Targeting Automaker From U.S. Signals Possible Retaliation by China

China is planning to punish an automaker from the U.S. accused of alleged price-fixing is a signal of how the government might retaliate if U.S. President-elect Donald Trump stops decades of relations between both nations.

Trump’s claim that the U.S. does not have to be bound by that policy of one China when it relates to Taiwan would end a years of ties between the two countries that has become the foundation of cooperation between the two largest economies in the world.

Few involved believe the disagreement is going to lead to a military confrontation nor the economic war that many worried could start by the threat from Trump during the presidential campaign to place tariffs of as high as 45% on imports from China.

However, a China that has risen over the years has a number of ways to push back very hard if Trump were to press over Taiwan, which the majority of analysts see as the biggest part of the relationship between the two.

The official newspaper of China quoted an official in China as saying China would penalize an U.S. automaker that was unnamed due to monopolistic behavior.

While the Chinese officials said there should be nothing read into that as being improper, it caused shares of Ford Motor and General Motors to fall.

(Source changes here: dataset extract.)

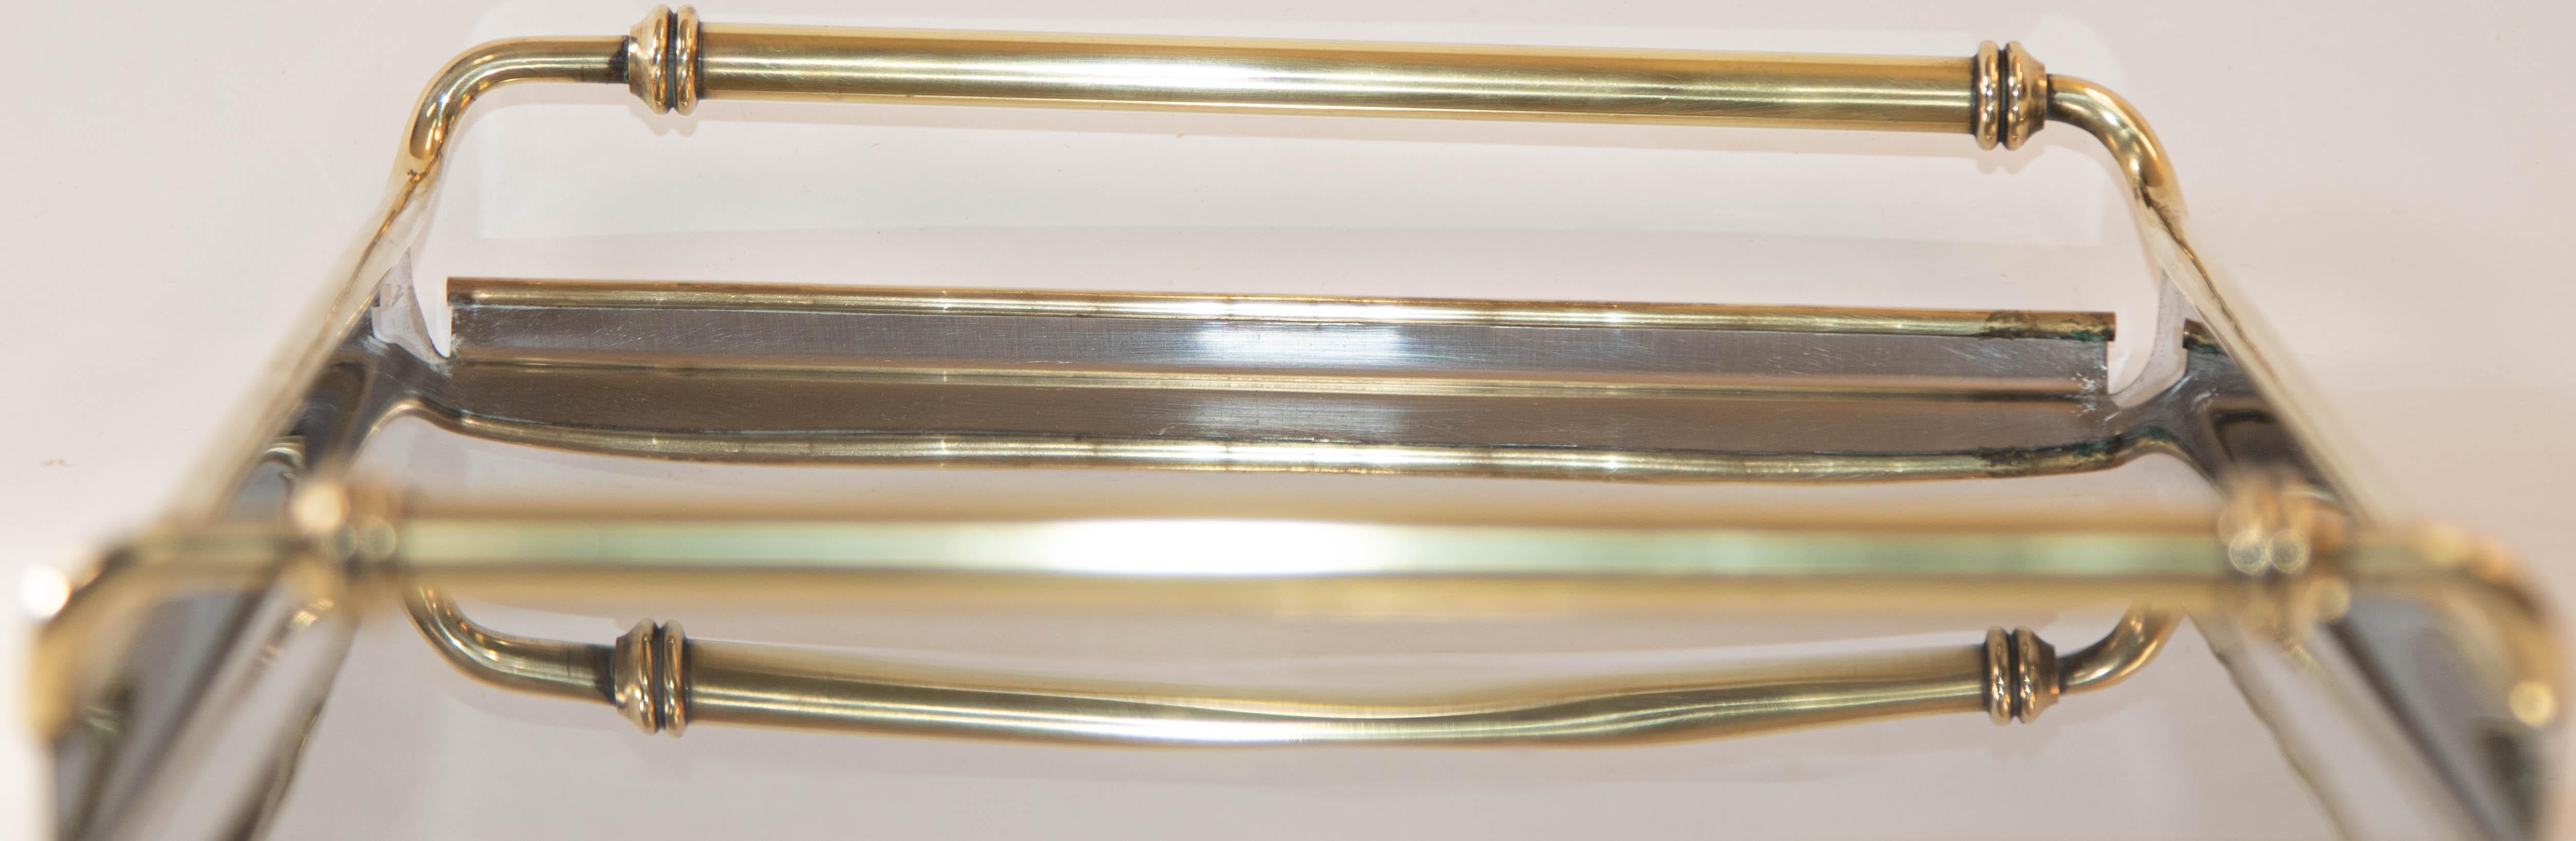 1950s Art Deco Metal Tray Chrome Mirrored with Brass Handles 3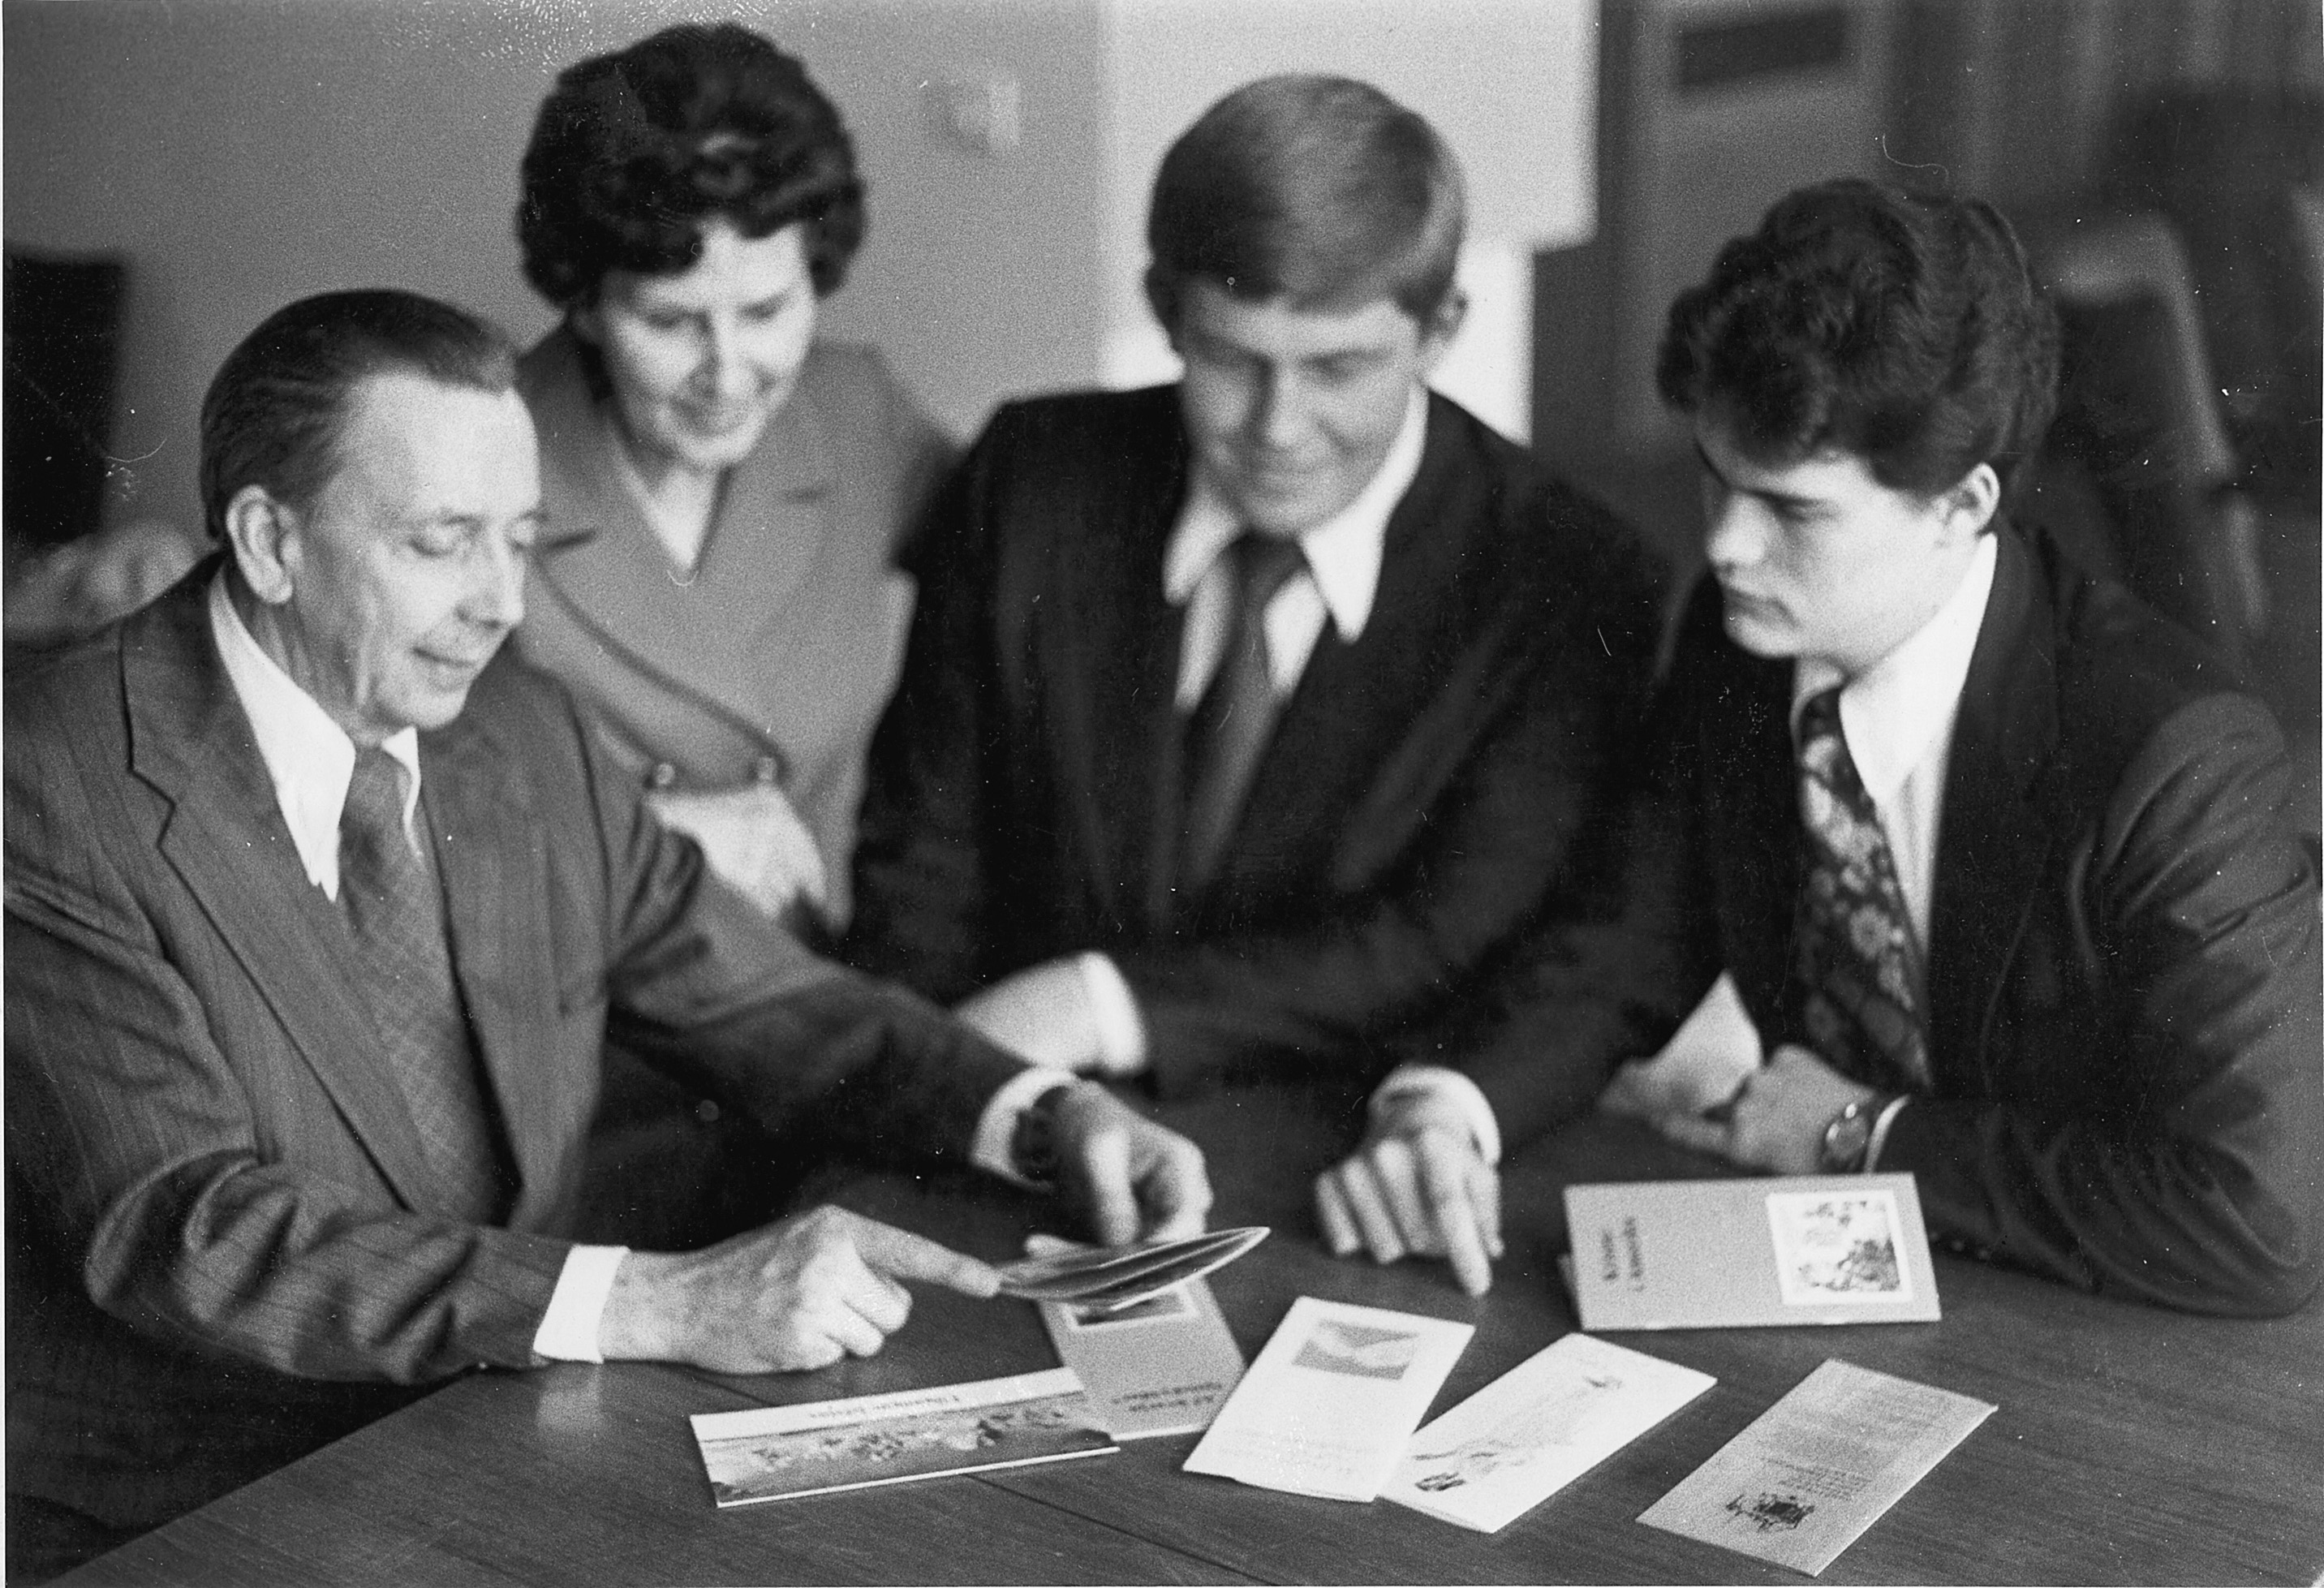 Byron and Melva Geslison, David Dedrickson, and Ty Erickson  look at newly translated Icelandic missionary tracts, 1977.  Courtesy of the Geslison family

Sources in the auto industry have said that specific investigations had already been underway prior to the recent comments by Trump.

However, the way it was announced that saying only that it was an automaker from the U.S. prior to the fines being formally announced, has increased questions over whether or not officials might seize on the opportunity to hit back on the Trump administration upon its start.

A Trump spokesperson said this week that he had heard of the report by it was too premature to make any comment.

A congressional aide, who is a Democrat, said that the threat by China to fine an automaker from the U.S. was a strong reminder that China also has its own cards to play and if Trump thinks he can enter negotiations for Taiwan, North Korea or trade, as if the U.S. was the only superpower in the world.

A spokesperson for the government in China said that the country welcomes foreign businesses, including those from the U.S. to operate and invest in China. However, those companies must respect the laws and regulations in China as well.